Edith Sampson

Edith Sampson

On October 13, 1898, Edith Sampson was born in Pittsburgh, the first black woman elected judge to a municipal court. She was born Edith Spurlock, one of seven children.

Her father, Louis Spurlock, earned $75 per month as a shipping clerk in a cleaning, pressing, and dyeing business. Her mother, Elizabeth Spurlock, worked at home making buckram hat frames and twisting switches of false hair.

Edith graduated from Peabody High School, and three years later married Rufus Sampson, a field agent for the Tuskegee Institute. She also attended the New York School of Social Work. There, one of her instructors was George W. Kirchwey, also a professor at Columbia University Law School. After distinguishing herself in his criminology class, he told her she had the talent to be a lawyer. 

In 1927, Sampson was the first woman to receive a law degree from Loyola University. Although Sampson found that many of her male colleagues, particularly white men, were “exceedingly cool” to her, she also found that judges would often bend over backwards to compensate for this churlishness.

In terms of her courtroom manner, in her own words, she said, “I talk from my heart and let the law take care of itself.” In 1947, Sampson was appointed to serve as an assistant state’s attorney in Cook County. By that time, she was affiliated with a number of organizations, including the Women’s Progressive Committee (she served as its president), the Chicago Professional Women’s Club (president), the Afro-World Fellowship (also its president), the South Side Boy’s Club, the South Side Community Center, the NAACP, the League of Women Voters, the Chicago Urban League, and the National Council of Negro Women (she chaired its executive committee).

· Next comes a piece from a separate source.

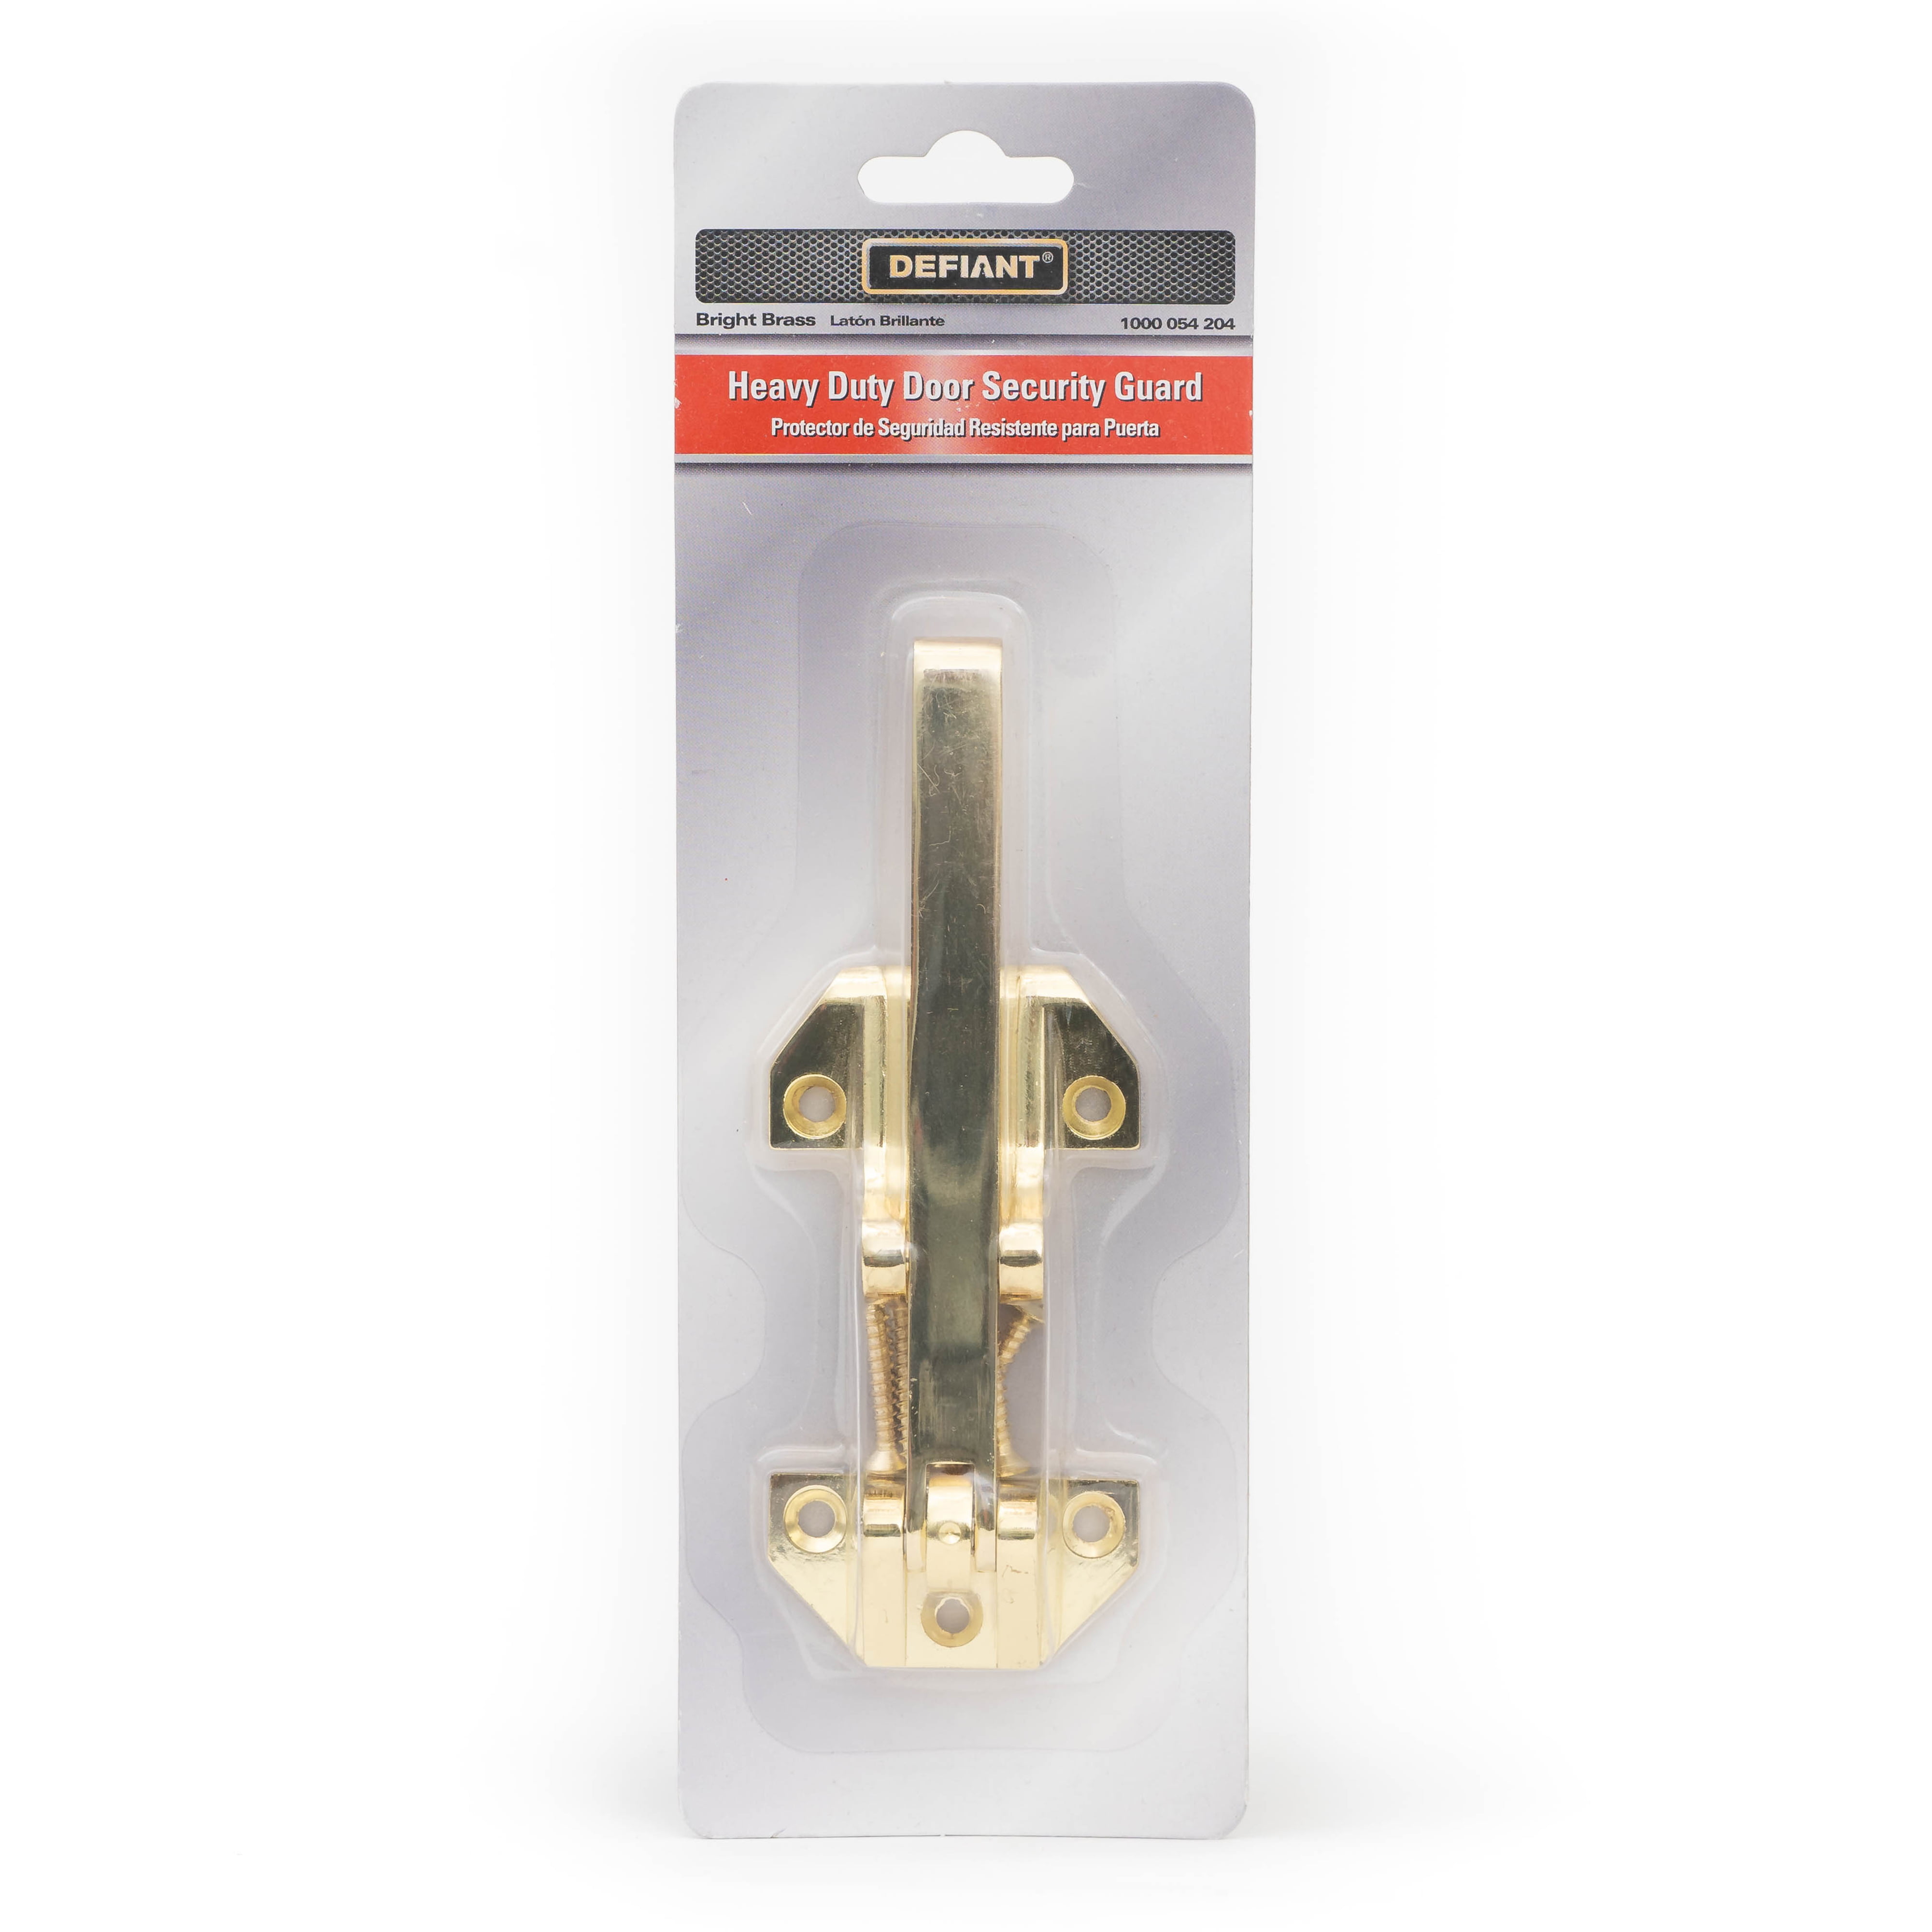 UK Strong Steel Door Chain & Screws HIGH Security Safety Guard Restrictor Lock Brass

Sampson also was the first black woman named delegate to the United Nations (1950 to 1953). In 1962, at an age where most people would probably retire, Sampson sought election as a judge on the Chicago Municipal Court. As a Democrat in Chicago at that time and as a friend of Mayor Richard Daley, she had no difficulty in being elected. Mrs. Sampson retired from the bench in 1978. The following year, in 1979, she died.